Frank M. Taylor

Personal information
- Born: May 9, 1869 Missouri
- Died: May 22, 1941 (aged 72) Chicago, Illinois
- Resting place: Saint Joseph Cemetery, River Grove, Illinois
- Occupation: Racehorse trainer / Owner

Horse racing career
- Sport: Horse racing

Major racing wins
- Nursery Handicap (1896) Fall Handicap (1900) Second Special Stakes (1903) Twin City Handicap (1903, 1907) Brighton Derby (1907) Brighton Mile (1907) Municipal Handicap (1907) Suburban Handicap (1907, 1931) Seagate Stakes (1907) Patchogue Stakes (1908) Bashford Manor Stakes (1911) Raceland Stakes (1911) Chesapeake Stakes (1912) Clark Handicap (1912) Havre de Grace Handicap (1912) Juvenile Stakes (1922) Whirl Stakes (1922) Youthful Stakes (1922) Adirondack Stakes (1930) Clover Stakes (1930) Excelsior Stakes (1931) American Classic Race wins: Kentucky Derby (1912)

Significant horses
- Charles Edward, McChesney, Nealon, Worth

= Frank M. Taylor =

American horse trainer (1869–1941)

Francis Marion Taylor (May 9, 1869 - May 22, 1941) was an American Thoroughbred horse racing trainer who trained Nealon and Worth to National Championship honors, the latter winning the 1912 Kentucky Derby.
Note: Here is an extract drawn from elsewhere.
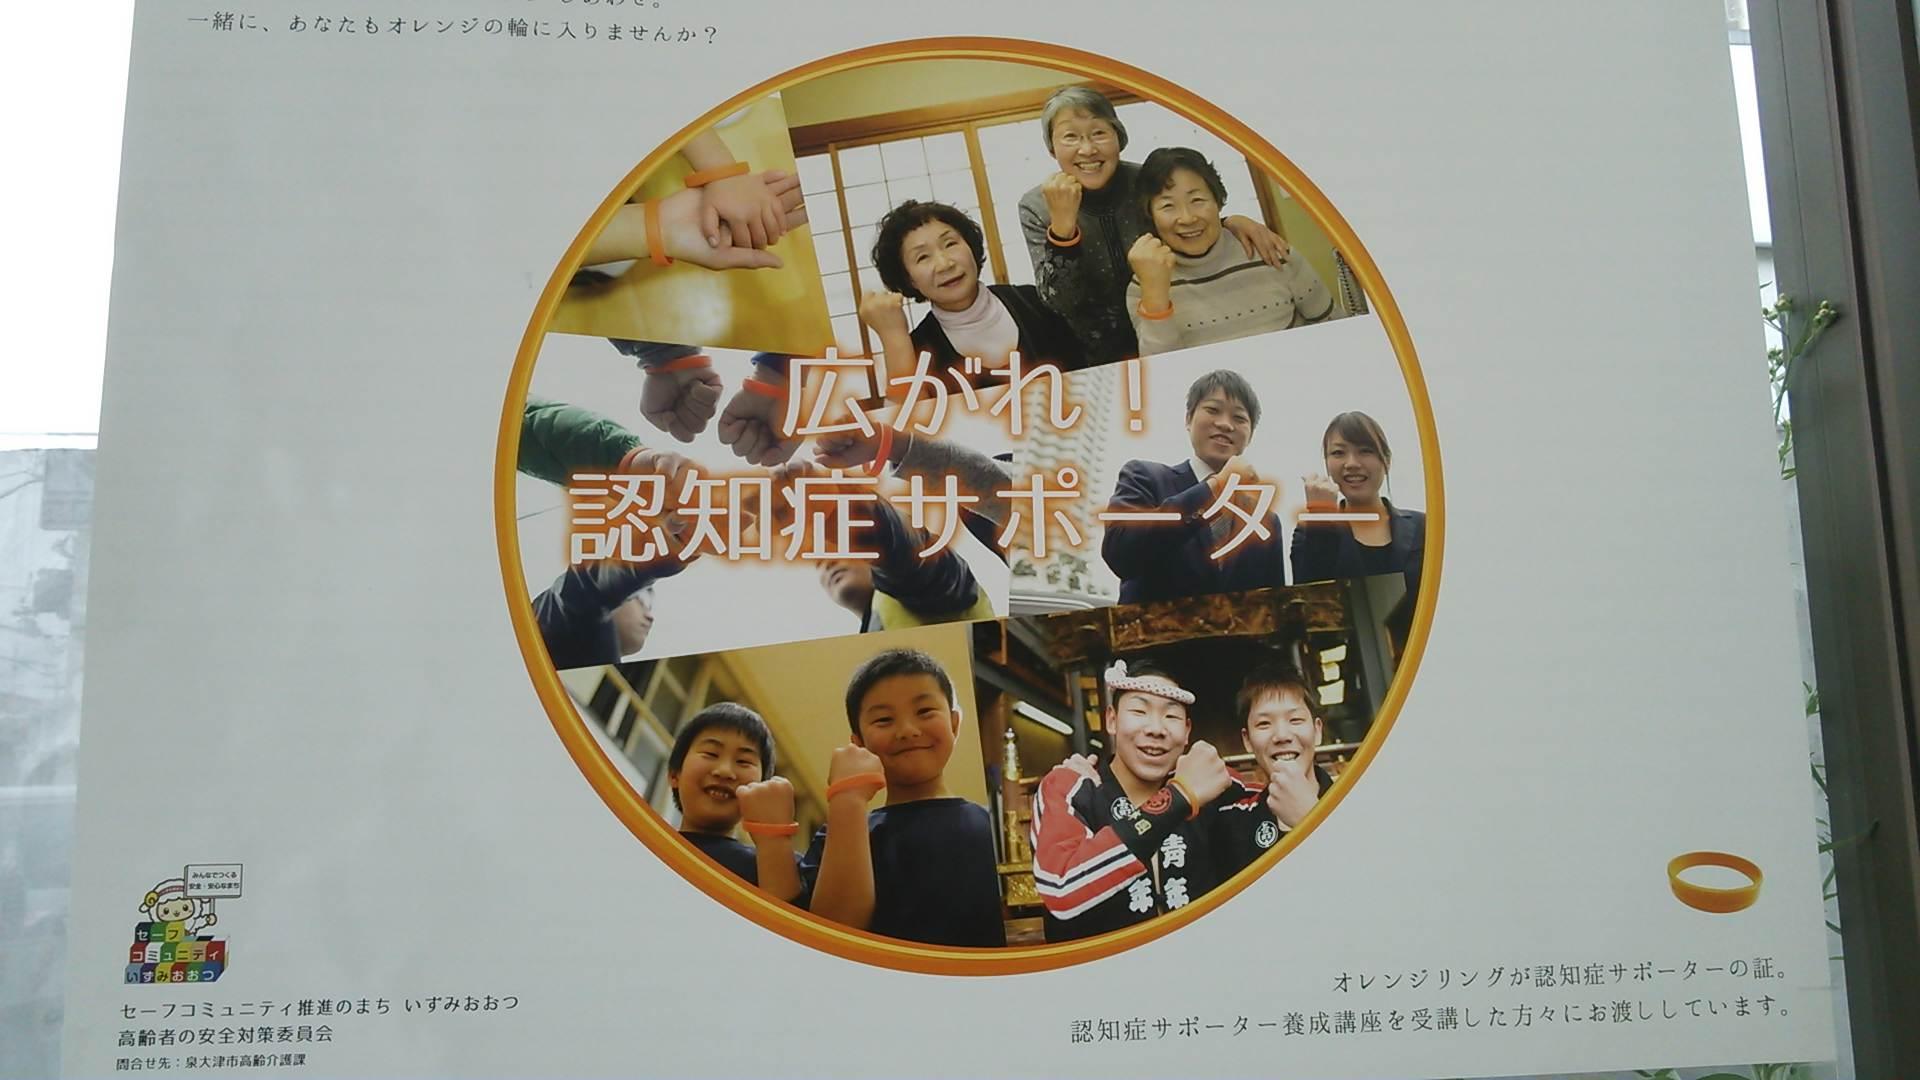 泉大津市セーフコミュニティ現地審査が行われました。

He also trained Charles Edward, a colt that in 1907 set three track records on dirt including a World record.

Among Taylor's wins were two editions of the Suburban Handicap which at the time was the richest and most important race in the United States open to older horses.

Frank Taylor retired from racing in 1934 after suffering a stroke. He died on May 22, 1941, at his residence in Chicago.